Mystics vencem Fire na segunda partida com quatro prorrogações da história da WNBA.

Field Level MediaField Level Media|published: Sun 28th June, 19:27 2026
Jun 28, 2026; Washington, District of Columbia, USA; Washington Mystics guard Sonia Citron (22) dribbles the bal against the Portland Fire during the second quarter at CareFirst Arena. Mandatory Credit: Rafael Suanes-Imagn ImagesJun 28, 2026; Washington, District of Columbia, USA; Washington Mystics guard Sonia Citron (22) dribbles the bal against the Portland Fire during the second quarter at CareFirst Arena. Mandatory Credit: Rafael Suanes-Imagn Images

Sonia Citron marcou 32 pontos, sua melhor marca na carreira, incluindo a cesta da vitória a 21,4 segundos do fim, e o Washington Mystics venceu o Portland Fire por 124 a 123 em um jogo épico, no segundo da história da WNBA a ir para a quarta prorrogação.

Carla Leite, de Portland, marcou 32 pontos, sua melhor marca na carreira, e deu nove assistências, mas sua bandeja bateu no aro e saiu a menos de um segundo do fim da quarta prorrogação.

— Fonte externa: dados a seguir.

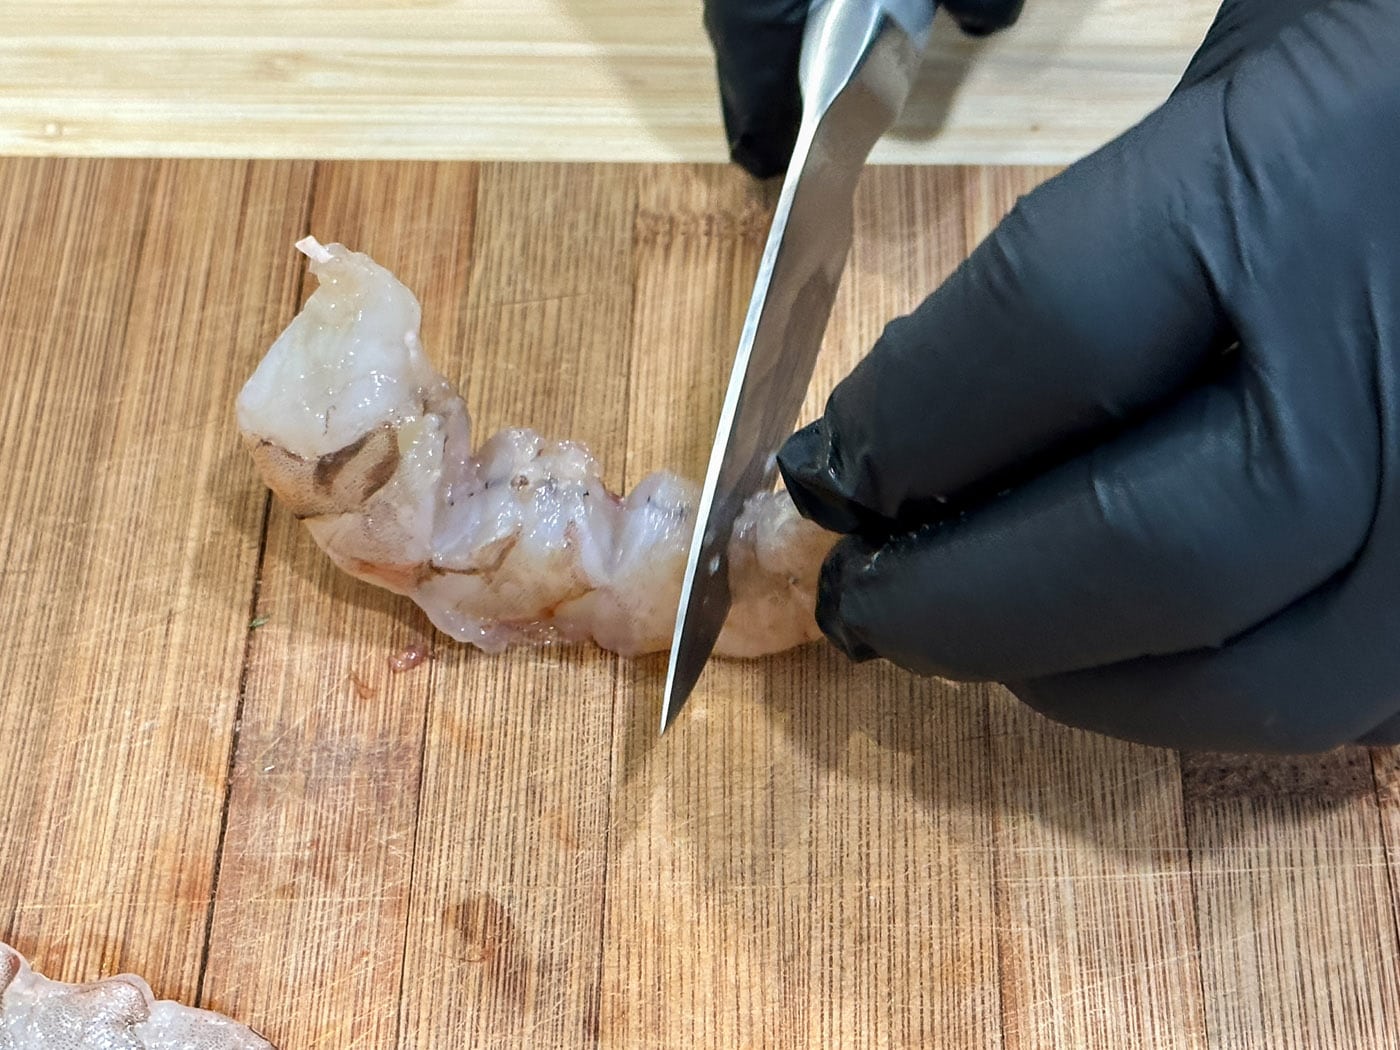 scoring shrimp with a knife

Michaela Onyenwere marcou 30 pontos, sua melhor marca na carreira, e Kiki Iriafen marcou 27 pontos, também sua melhor marca na carreira, pegou 11 rebotes e deu seis assistências para o Washington (9-9), que encerrou uma sequência de duas derrotas.

Sarah Ashlee Barker marcou 25 pontos, sua melhor marca na carreira, Megan Gustafson fez 20 pontos antes de ser eliminada por faltas e Bridget Carleton marcou 16 pontos para o Fire (8-12), que perdeu seu terceiro jogo consecutivo.

O outro jogo com quatro prorrogações também envolveu o Mystics. Eles venceram o Seattle Storm, time da casa, por 72 a 69 no dia 3 de julho de 2001.

Leite impediu a derrota de Portland no tempo regulamentar ao acertar uma cesta de três pontos incrível, com um passo para trás, empatando o jogo em 87 a menos de um segundo do fim. Ela também converteu uma cesta de três pontos de longa distância para empatar em 99 a 18,3 segundos do fim da primeira prorrogação.

Citron fez uma cesta a 14,9 segundos do fim da segunda prorrogação, empatando o jogo em 103 a 103 para Washington.

Carleton converteu um arremesso giratório a 3,4 segundos do fim da terceira prorrogação, empatando o jogo em 116 a 116 e forçando a quarta prorrogação.


Durante o período decisivo, Citron mancava devido a cãibras e recebeu um passe para uma bandeja, dando a Washington uma vantagem de 124 a 122 com 21,4 segundos restantes. Leite sofreu uma falta com 13,1 segundos no fim e converteu apenas um dos dois lances livres, deixando o Fire perdendo por um ponto, antes de não conseguir converter nenhum lance livre no final.

Este foi o primeiro jogo a ir para pelo menos três prorrogações desde que o Dallas Wings venceu o Phoenix Mercury por 117 a 111 em 18 de junho de 2016.

No tempo regulamentar, Carleton fez uma bandeja para diminuir a diferença para 85-84 para o Fire, faltando 17,3 segundos para o fim, antes de Citron converter dois lances livres a 14,1 segundos do apito final.

Washington teve a chance de fechar o jogo mais tarde, mas Alicia Florez errou dois lances livres a 8,1 segundos do fim e o Fire aproveitou a cesta milagrosa de 3 pontos de Leite.

Portland converteu 44,6% dos seus arremessos de quadra, incluindo 14 de 39 tentativas de três pontos. O Fire cometeu 24 turnovers, que resultaram em 32 pontos para Washington.

A armadora do Washington, Georgia Amoore (dores no joelho direito), saiu de quadra após o primeiro tempo. Ela tinha dois pontos.

O Mystics converteu 42,9% dos seus arremessos e acertou 10 de 29 tentativas de três pontos. O Washington cometeu 19 turnovers, que resultaram em 25 pontos para o Portland.

Washington abriu uma vantagem de 14 a 4 e 23 a 11 no primeiro quarto, antes de o Fire reagir e liderar por 55 a 48 no intervalo. Portland vencia por 67 a 62 após três quartos.